#### [Work required]
Here are some records; copy every line that holds the word "Banque".

[Stored dataset items]
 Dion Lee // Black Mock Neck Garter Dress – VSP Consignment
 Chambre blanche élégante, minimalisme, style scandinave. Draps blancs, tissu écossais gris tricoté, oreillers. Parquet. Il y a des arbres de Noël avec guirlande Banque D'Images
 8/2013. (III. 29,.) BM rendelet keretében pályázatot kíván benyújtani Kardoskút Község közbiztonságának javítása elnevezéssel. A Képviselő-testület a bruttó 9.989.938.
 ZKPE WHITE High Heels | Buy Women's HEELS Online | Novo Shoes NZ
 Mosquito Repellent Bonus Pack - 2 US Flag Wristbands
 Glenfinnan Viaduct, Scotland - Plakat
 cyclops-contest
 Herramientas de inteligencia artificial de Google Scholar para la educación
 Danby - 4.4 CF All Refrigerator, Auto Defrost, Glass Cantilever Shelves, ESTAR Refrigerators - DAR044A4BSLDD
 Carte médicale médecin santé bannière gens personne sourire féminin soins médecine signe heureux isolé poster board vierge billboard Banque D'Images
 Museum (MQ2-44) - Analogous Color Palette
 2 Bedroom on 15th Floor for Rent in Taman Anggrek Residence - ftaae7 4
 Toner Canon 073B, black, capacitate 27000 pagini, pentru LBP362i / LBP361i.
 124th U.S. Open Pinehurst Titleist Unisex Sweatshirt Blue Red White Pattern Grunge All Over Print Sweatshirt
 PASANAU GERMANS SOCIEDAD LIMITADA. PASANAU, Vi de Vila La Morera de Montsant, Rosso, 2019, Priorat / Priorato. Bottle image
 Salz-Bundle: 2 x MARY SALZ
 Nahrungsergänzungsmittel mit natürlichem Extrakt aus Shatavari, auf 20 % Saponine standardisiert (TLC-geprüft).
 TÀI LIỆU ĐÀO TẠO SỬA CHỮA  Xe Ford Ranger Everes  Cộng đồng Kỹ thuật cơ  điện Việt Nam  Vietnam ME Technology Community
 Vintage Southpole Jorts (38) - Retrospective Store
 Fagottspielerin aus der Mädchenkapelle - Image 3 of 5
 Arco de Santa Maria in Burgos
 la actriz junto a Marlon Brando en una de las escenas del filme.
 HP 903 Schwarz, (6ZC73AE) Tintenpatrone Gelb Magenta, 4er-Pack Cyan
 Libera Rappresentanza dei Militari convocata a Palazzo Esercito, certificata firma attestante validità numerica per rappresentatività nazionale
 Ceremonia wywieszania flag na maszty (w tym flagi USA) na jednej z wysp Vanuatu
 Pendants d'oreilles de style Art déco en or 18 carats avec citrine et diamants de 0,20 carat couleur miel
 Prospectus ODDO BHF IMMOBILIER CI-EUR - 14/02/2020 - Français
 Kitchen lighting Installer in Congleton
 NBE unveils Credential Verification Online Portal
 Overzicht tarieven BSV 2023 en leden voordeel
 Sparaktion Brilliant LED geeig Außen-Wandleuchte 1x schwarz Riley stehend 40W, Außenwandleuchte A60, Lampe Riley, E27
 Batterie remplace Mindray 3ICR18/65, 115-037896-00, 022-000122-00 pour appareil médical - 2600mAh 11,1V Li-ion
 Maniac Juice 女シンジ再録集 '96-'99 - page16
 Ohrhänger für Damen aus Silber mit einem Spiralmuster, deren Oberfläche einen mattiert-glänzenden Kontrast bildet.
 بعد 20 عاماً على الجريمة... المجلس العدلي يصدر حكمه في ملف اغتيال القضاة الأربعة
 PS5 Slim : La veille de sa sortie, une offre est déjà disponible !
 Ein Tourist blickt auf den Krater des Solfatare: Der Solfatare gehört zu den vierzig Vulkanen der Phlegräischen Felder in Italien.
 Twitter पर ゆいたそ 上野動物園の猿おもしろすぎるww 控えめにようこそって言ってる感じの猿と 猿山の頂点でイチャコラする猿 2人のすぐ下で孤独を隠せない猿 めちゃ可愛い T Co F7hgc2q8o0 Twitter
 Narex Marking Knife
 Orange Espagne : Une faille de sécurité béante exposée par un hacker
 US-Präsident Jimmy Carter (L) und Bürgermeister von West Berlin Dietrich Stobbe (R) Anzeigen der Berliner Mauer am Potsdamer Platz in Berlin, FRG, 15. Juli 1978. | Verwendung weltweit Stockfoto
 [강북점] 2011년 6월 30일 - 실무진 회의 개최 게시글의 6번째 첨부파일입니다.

#### [Response box]
 Chambre blanche élégante, minimalisme, style scandinave. Draps blancs, tissu écossais gris tricoté, oreillers. Parquet. Il y a des arbres de Noël avec guirlande Banque D'Images
 Carte médicale médecin santé bannière gens personne sourire féminin soins médecine signe heureux isolé poster board vierge billboard Banque D'Images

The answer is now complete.